Parliament of South Africa
- Long title Act to amend the Constitution of the Republic of South Africa, 1996, so as to allow a proclamation calling and setting dates for an election of the National Assembly to be issued either before or after the expiry of the term of the National Assembly; and to dispense with the requirement that the chairperson and deputy chairperson of the Financial and Fiscal Commission must be full-time members of the Commission; and to provide for matters connected therewith. ;
- Enacted by: Parliament of South Africa
- Assented to: 17 March 1999
- Commenced: 19 March 1999

Legislative history
- Bill title: Constitution of the Republic of South Africa Fourth Amendment Bill
- Bill citation: B124—1998
- Introduced by: Valli Moosa, Minister of Provincial Affairs and Constitutional Development

Amends
- Constitution of the Republic of South Africa, 1996

Amended by
- Citation of Constitutional Laws Act, 2005 (amended short title)

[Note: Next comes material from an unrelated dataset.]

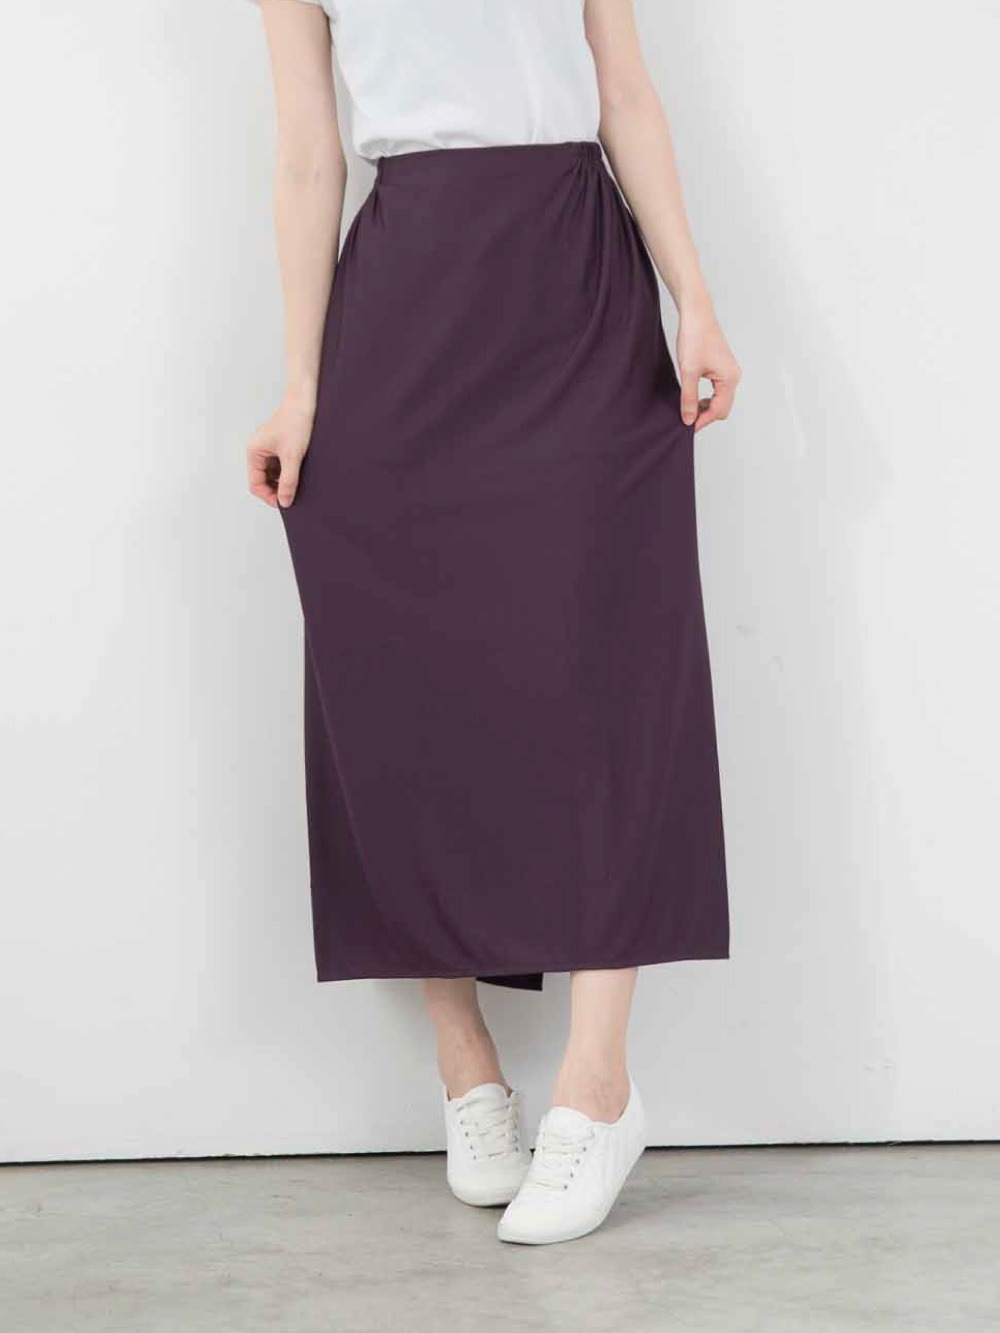 高透氣防曬遮陽裙-深紫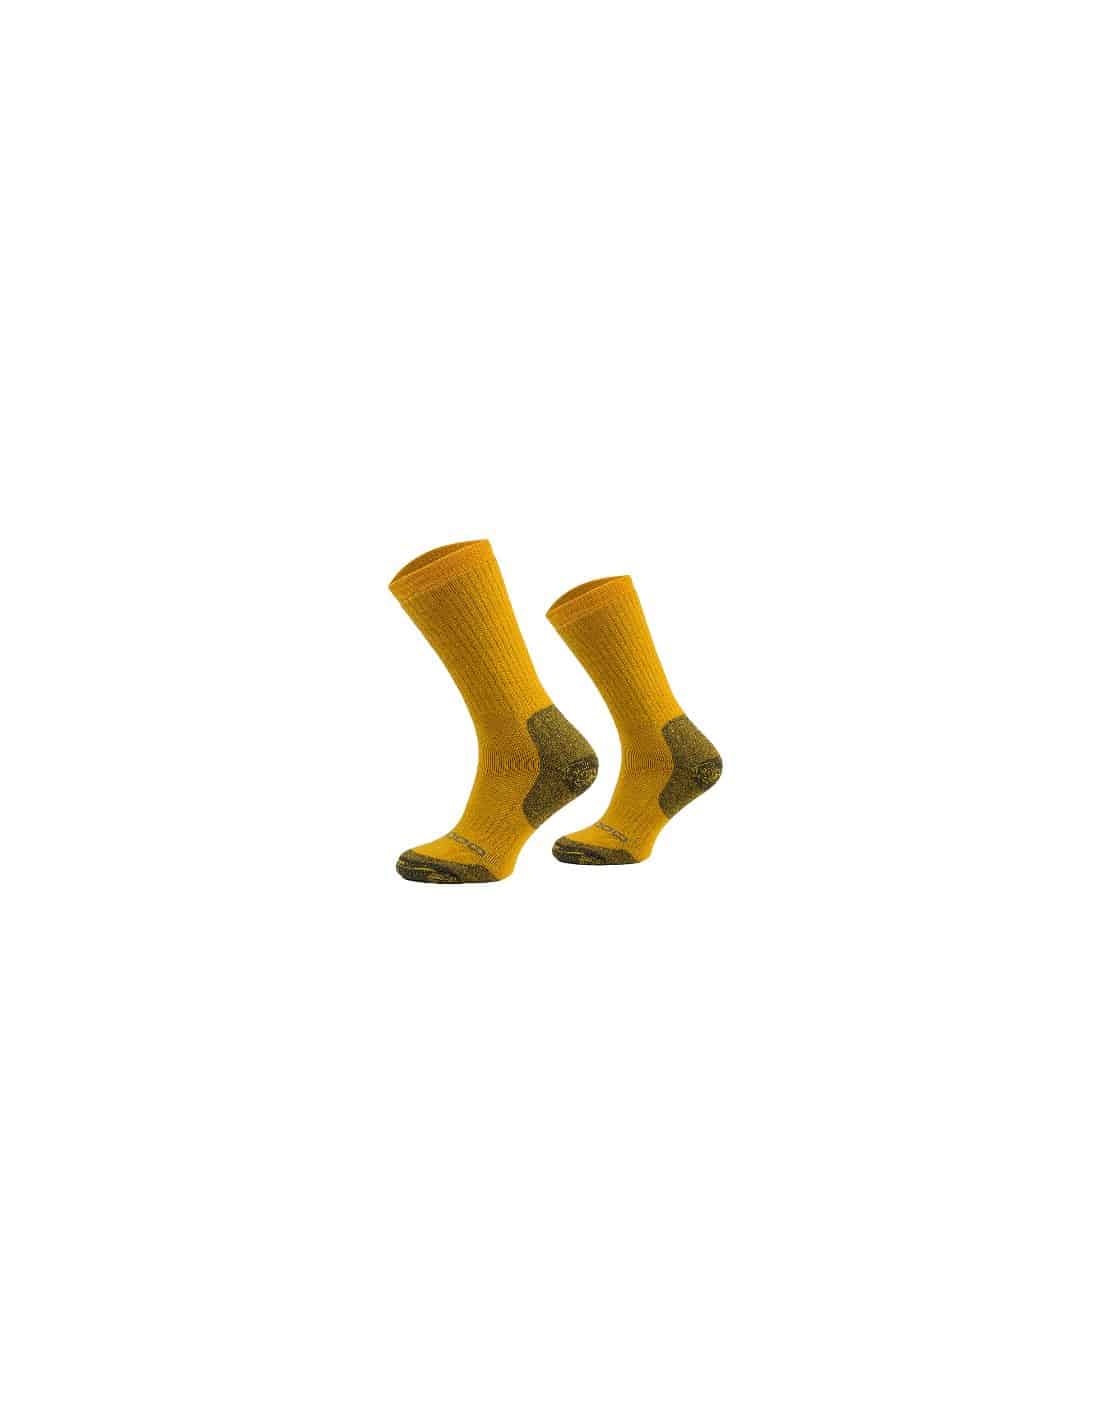 Mi-chaussettes de randonnée en laine mérinos avec Moisture Guard pour hommes,  Copper Sole, paquet de 2 paires

= Fifth Amendment of the Constitution of South Africa =

Amendment of the South African constitution

The Fifth Amendment of the Constitution of South Africa made two technical changes, one relating to national election procedures and the other to the membership of the Financial and Fiscal Commission. It was enacted by the Parliament of South Africa, signed by Acting President Thabo Mbeki on 17 March 1999, and came into force two days later. It was signed and came into force simultaneously with the Fourth Amendment; the two amendments were separated because the Fourth involved provincial matters and had to be passed by the National Council of Provinces while the Fifth did not.

== Provisions ==
The Act made two technical modifications to the Constitution. The first was to clarify that, when the term of the National Assembly is due to expire, the President may issue the proclamation calling an election either before or after the term actually expires. The Fourth Amendment made the same change for elections to provincial legislatures. The second was to allow that the chairperson and deputy chairperson of the Financial and Fiscal Commission need not necessarily be permanent members of the commission.

==Formal title==
The official short title of the amendment is "Constitution Fifth Amendment Act of 1999". It was originally titled "Constitution of the Republic of South Africa Fifth Amendment Act, 1999" and numbered as Act No. 2 of 1999, but the Citation of Constitutional Laws Act, 2005 renamed it and abolished the practice of giving Act numbers to constitutional amendments.